> Data block
.....

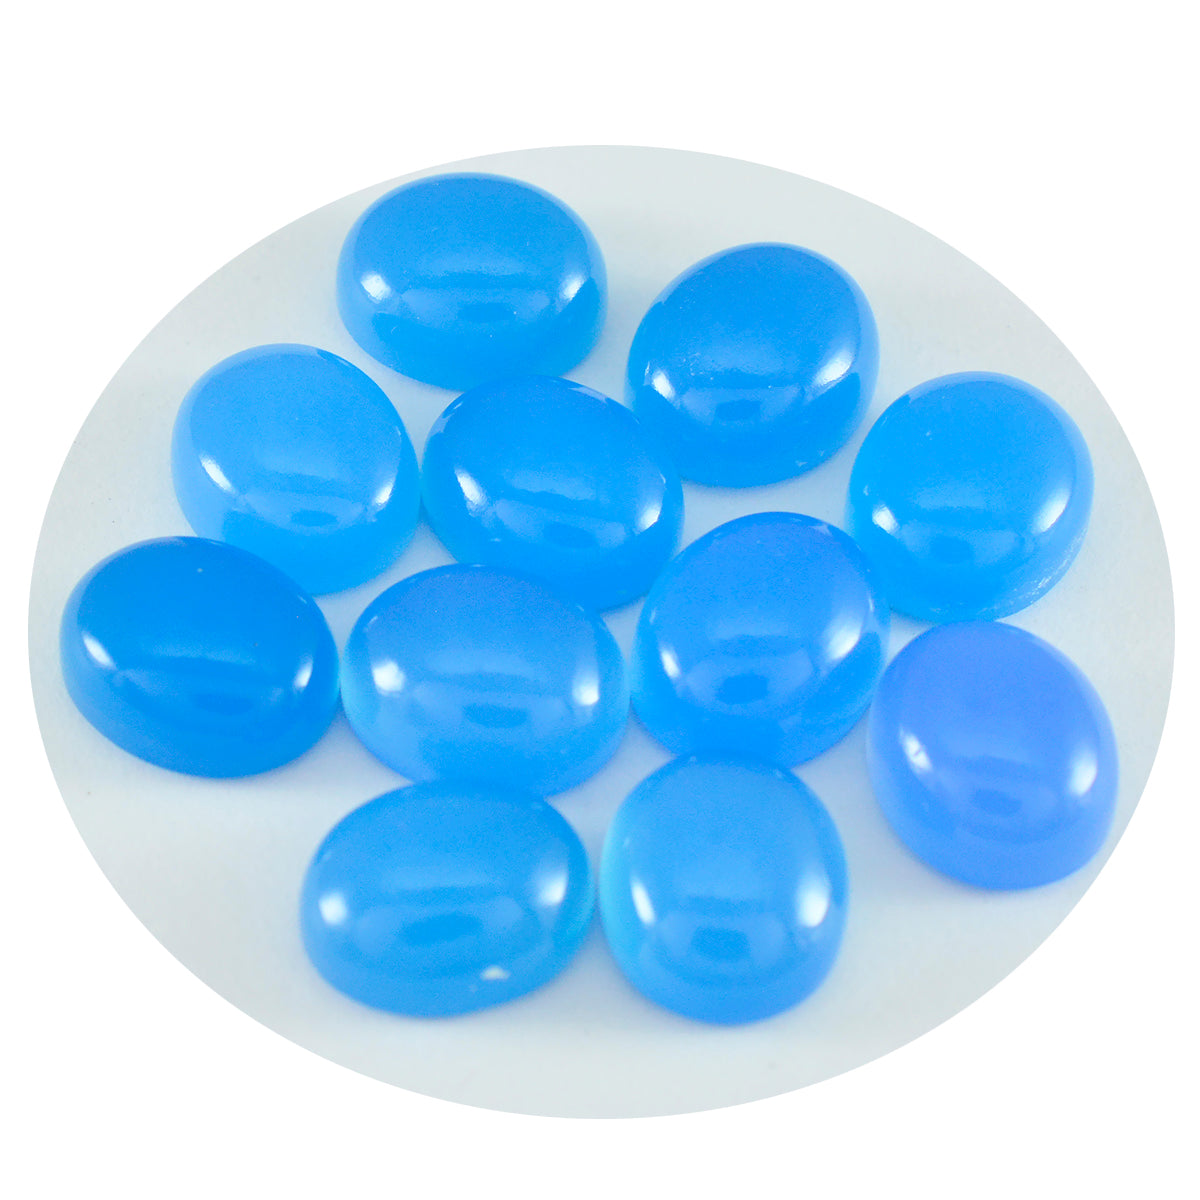 Riyogems 1 cabochon de calcédoine bleue de 5 x 7 mm de forme ovale, pierre précieuse de qualité surprenante
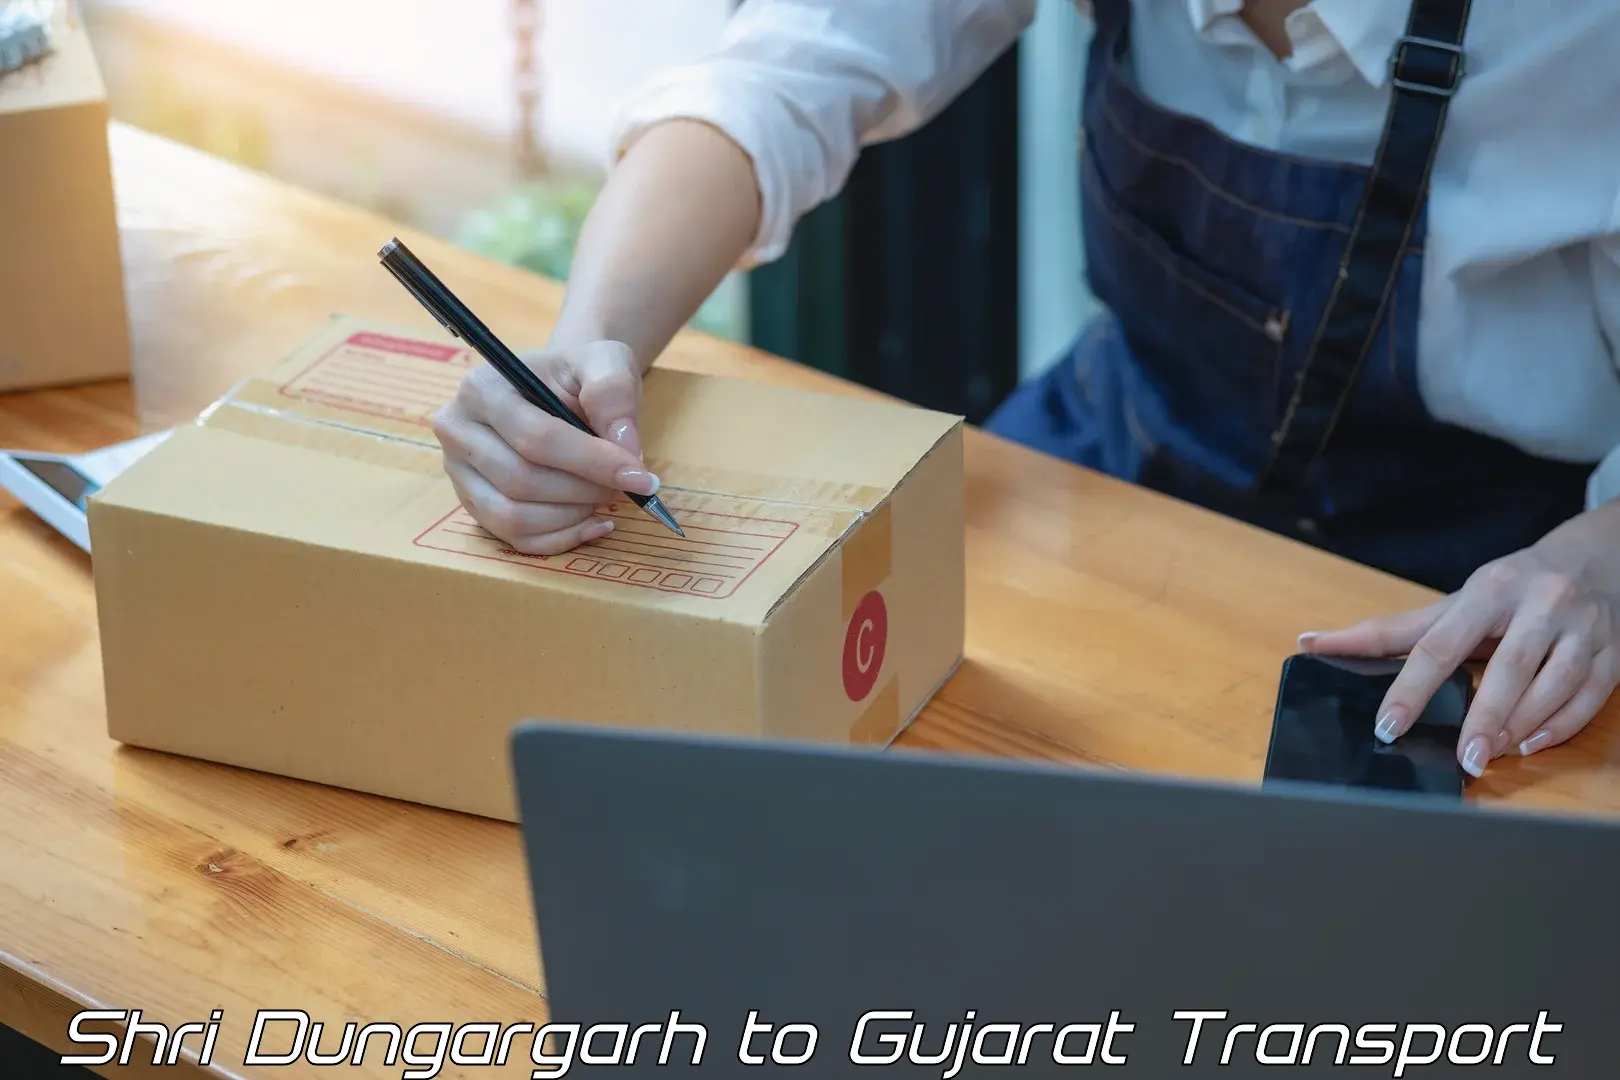 Shipping partner Shri Dungargarh to Gandhinagar
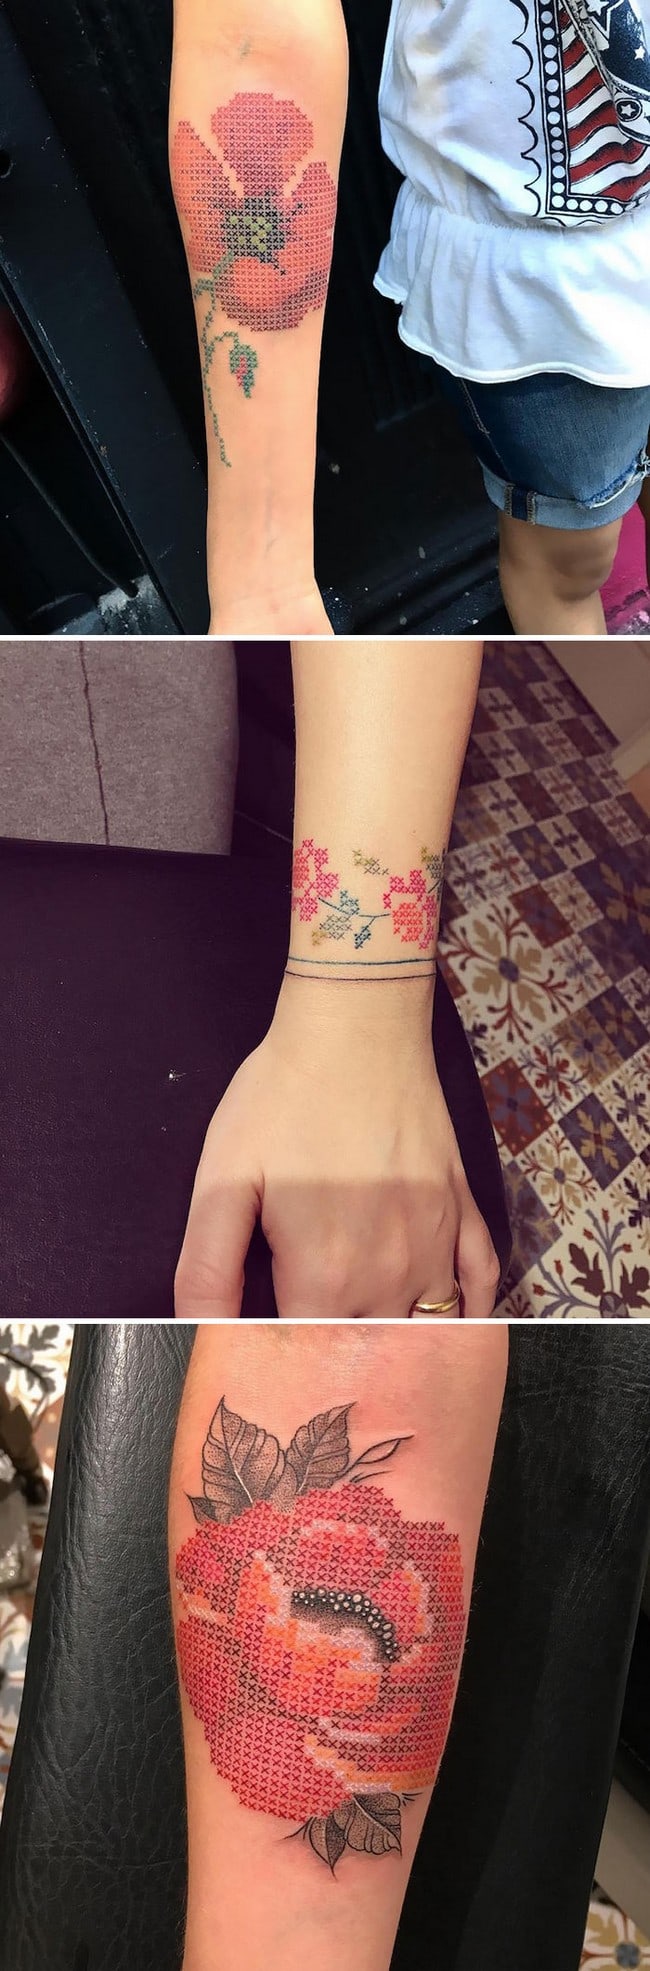 arte del tatuaje de flores eva krbdk

.....

> Work order
Would you retype all the lines shown above, exactly as written and without any picture?

> Solution for this problem
 Riyogems 1 cabochon de calcédoine bleue de 5 x 7 mm de forme ovale, pierre précieuse de qualité surprenante
 Shipping partner Shri Dungargarh to Gandhinagar
 arte del tatuaje de flores eva krbdk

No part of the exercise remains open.